Together, the funds are $6.25 billion short of the money they’re projected to need to pay for retirement benefits earned by current and former employees.

Our reporter Ashly McGlone explores the state of the two plans that over the years played a role in local politics. After all, the shortfalls only matter in so much as how much they cost to pay off and what sacrifices to services or taxes are needed to do that.

Our story also recaps the debate over whether it’s even a good idea for pension funds to be fully funded. “Since the county and city pension funds weren’t fully funded last year, each agency missed out on millions of additional dollars they could have earned from last year’s strong investment gains. But in bad years, being underfunded avoids additional losses.”

What Govt. Shutdown Means for Us

As of this Morning Report’s deadline, a large chunk of the federal government was still shut down for the first time since 2013. Locally, the Cabrillo National Monument was closed, and the region stands to suffer economically, the U-T reports.

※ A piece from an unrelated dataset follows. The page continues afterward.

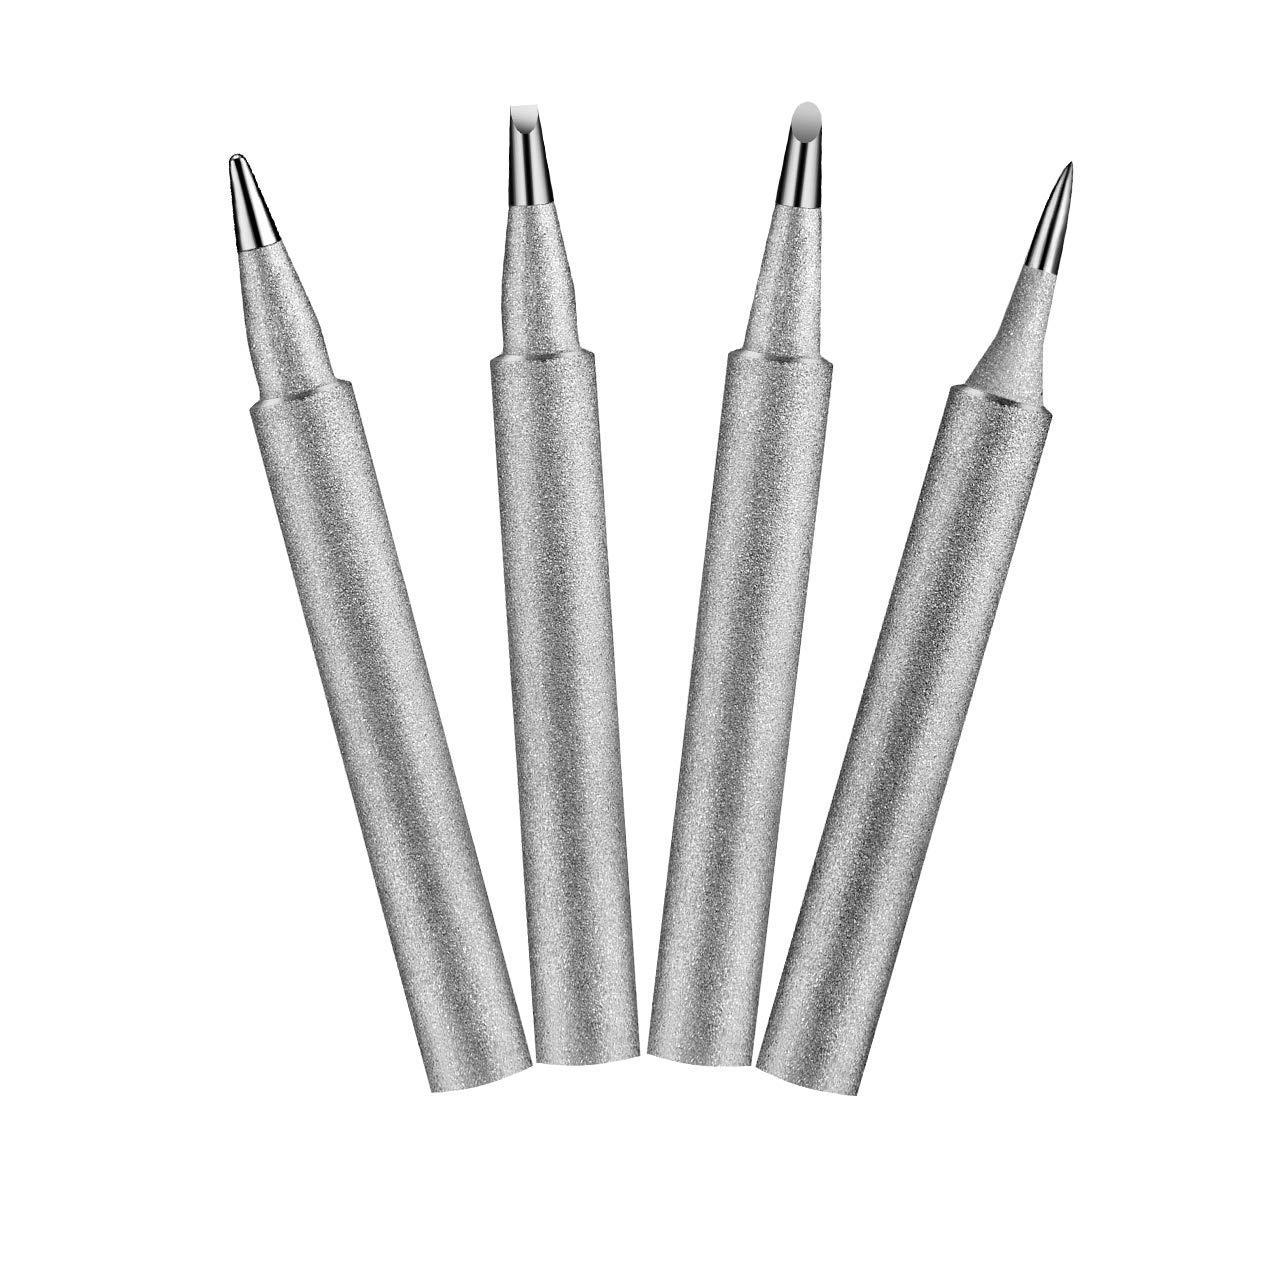 TOPELEK 4Pcs Replacement Soldering Iron Tips

We don’t know how an extended shutdown may affect the local unemployment rate, which remains at a record low level.

Report: Border Wall Prototypes Survive Tests

The Associated Press, based on an interview with an unnamed official, has learned that the military has been testing those eight border wall prototypes at the border to see if they can tolerate assaults with “jackhammers, saws, torches and other tools and climbing devices.”

Turns out they can because they’re tall, the AP reports, although the official says “see-through steel barriers topped by concrete” seemed to do the best. The president is a big fan of a see-through border wall.

Climate Change-Denying TV Weatherman Dies

Climate change scientists won’t have weatherman John Coleman to kick them around anymore.

Coleman, the man who helped create the Weather Channel and put the “Uuuuuuuu” in KUSI, died over the weekend at the age of 83, the U-T reports.

One of San Diego’s best-known TV personalities during his tenure at KUSI from 1994-2014, Coleman was outspoken about global warming. As we reported in a story a few years ago, “his narrative is distorted, riddled with holes, falsehoods and slivers of data that skew reality.”

Times of S.D. published a three-part series about Coleman last year, noting his new poker-filled life in Las Vegas and his dramatic surprise departure from KUSI, a station where he’d grown weary of the never-changing format and visuals. “It’s like they’re caught in this …. Groundhog Day over and over.”

The station praised Coleman when it announced his death.

Quick News Hits: Big Chill Isn’t the Chilliest

The day after the Women’s March drew tens of thousands to downtown San Diego, the U-T reported that “a new county ordinance that gives Sheriff Bill Gore authority to restrict public access and take other measures to keep the peace during political protests is drawing scrutiny from civil-rights advocates and other activists concerned about how he wields his new power.”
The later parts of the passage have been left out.